- Your assignment: Retype the following data exactly, but leave its pictures out.

- Data provided:

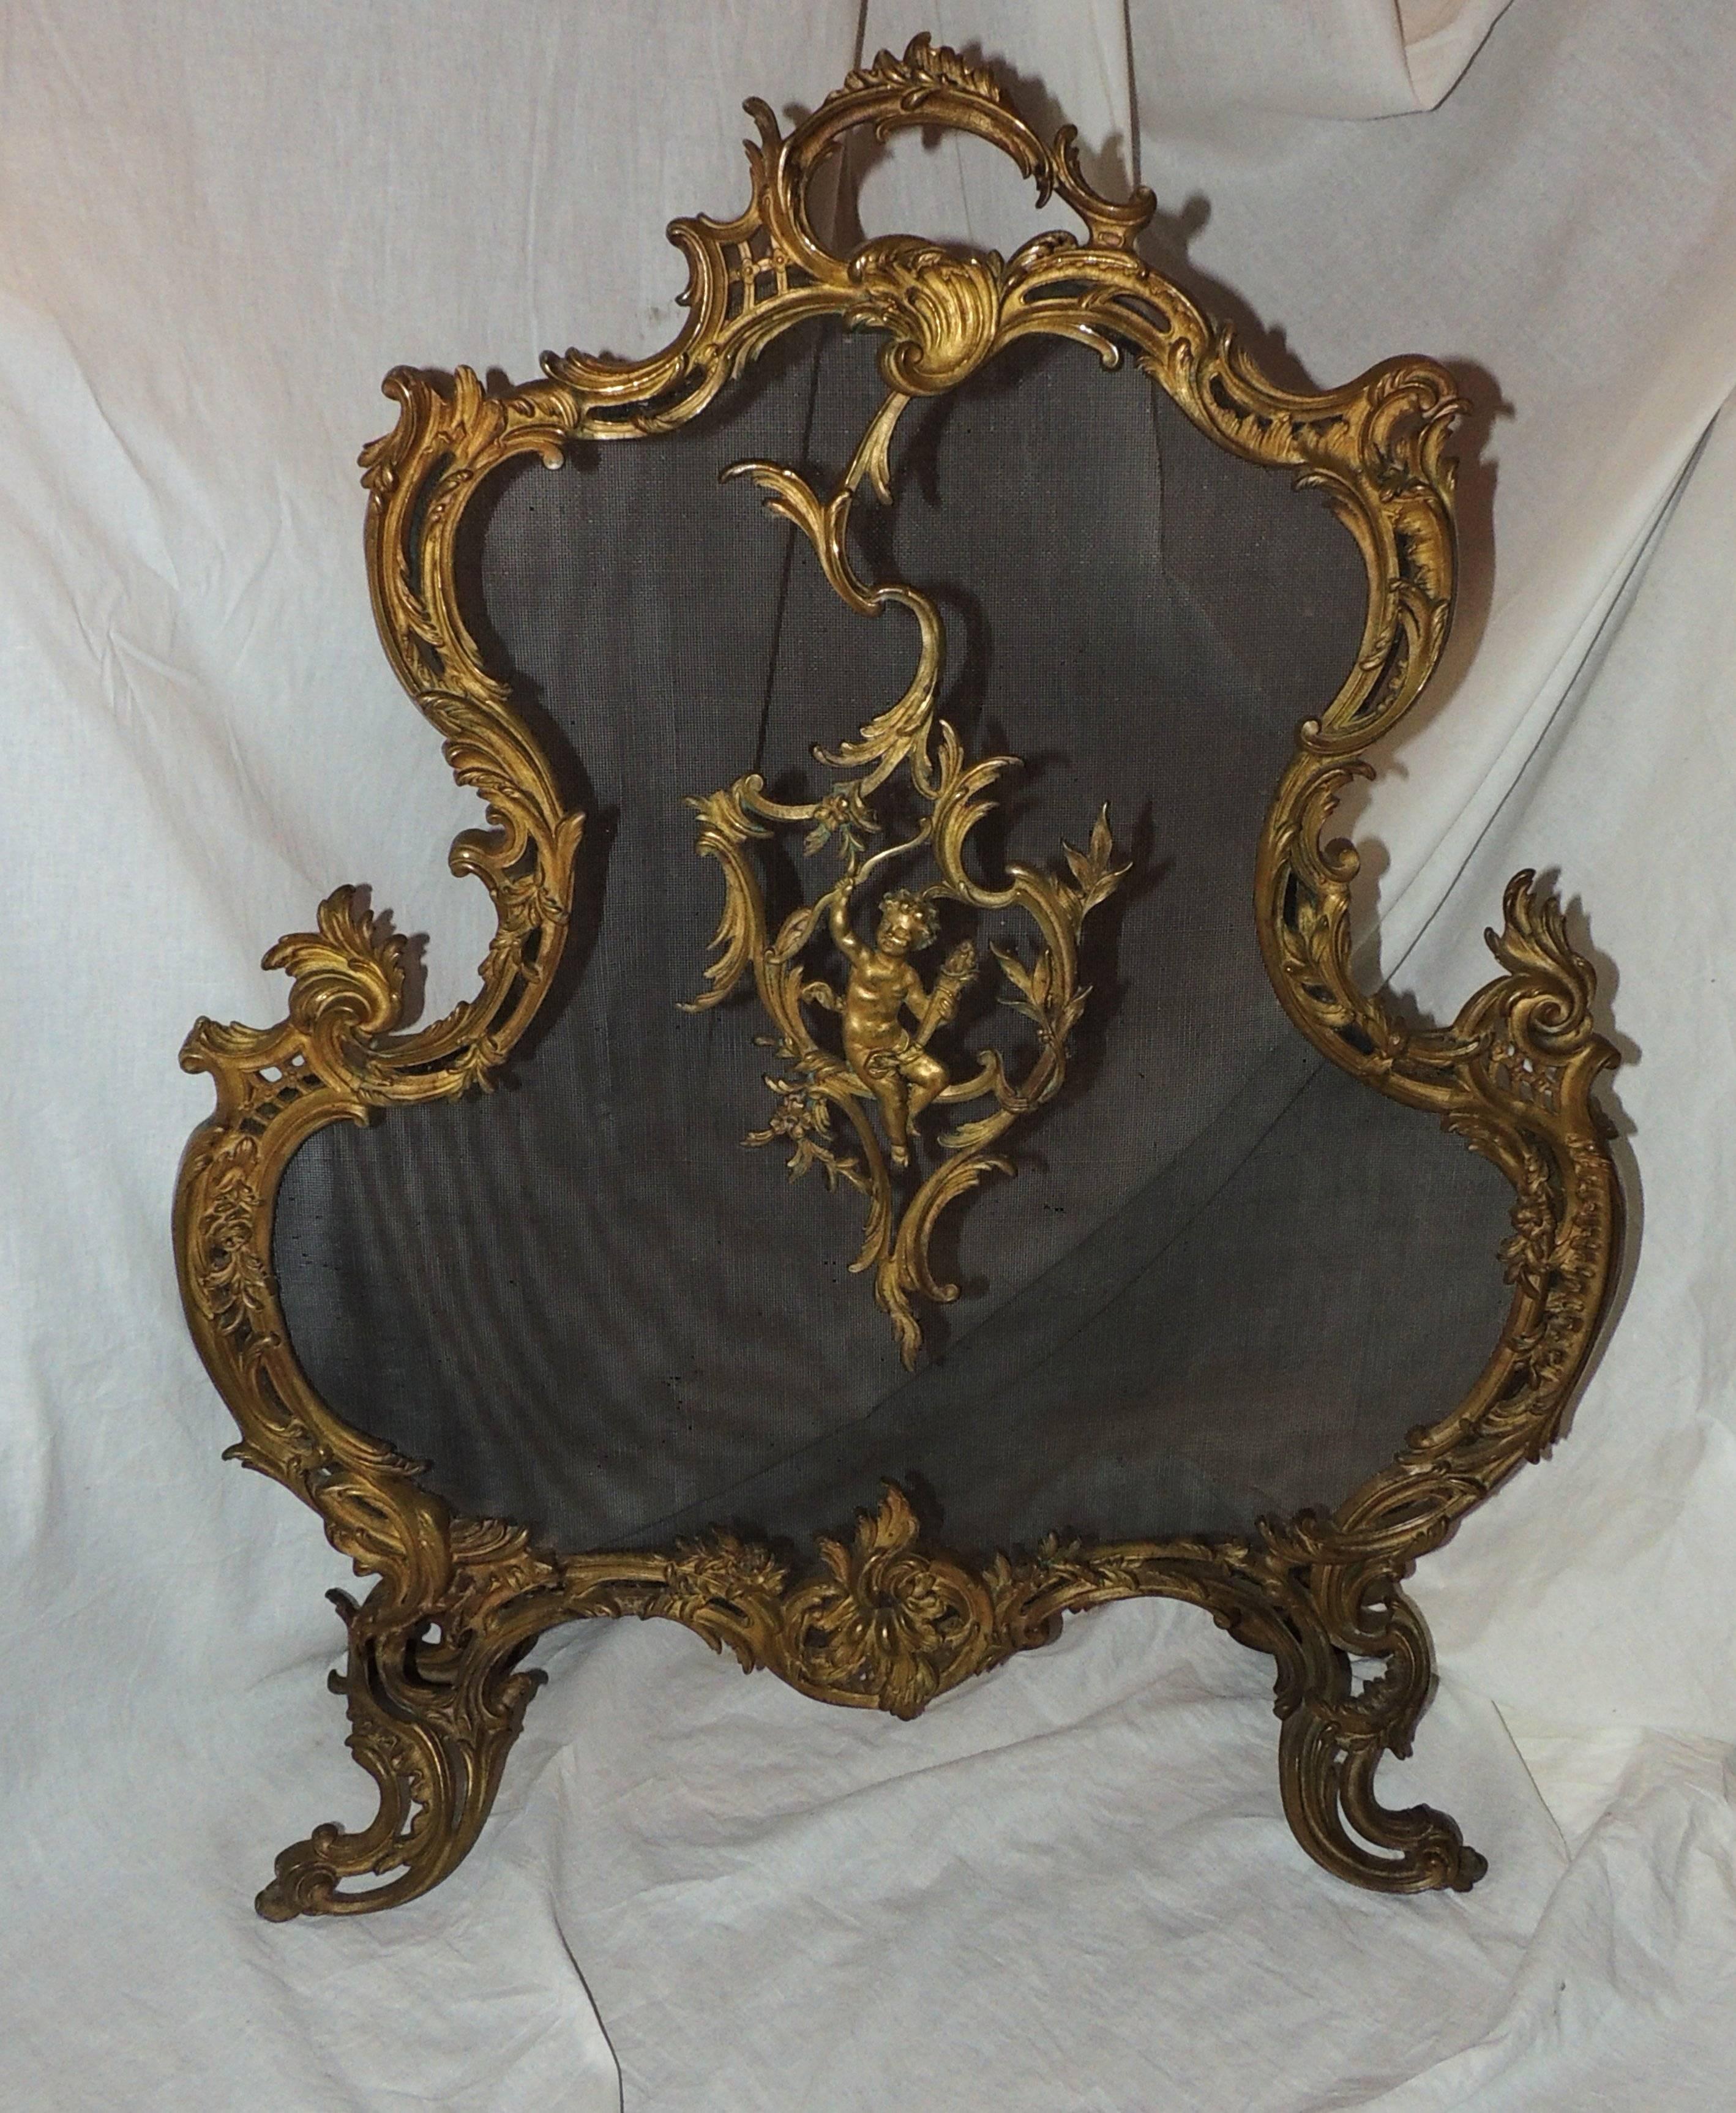 Wonderful French gilt bronze figural cherub Rococo fireplace screen
Beautiful aged bronze fireplace screen with scroll filigree and cherub in center medallion.

Measures: 36" H x 29" W x 8" D.

- Solution for this problem:
 Wonderful French gilt bronze figural cherub Rococo fireplace screen
Beautiful aged bronze fireplace screen with scroll filigree and cherub in center medallion.

Measures: 36" H x 29" W x 8" D.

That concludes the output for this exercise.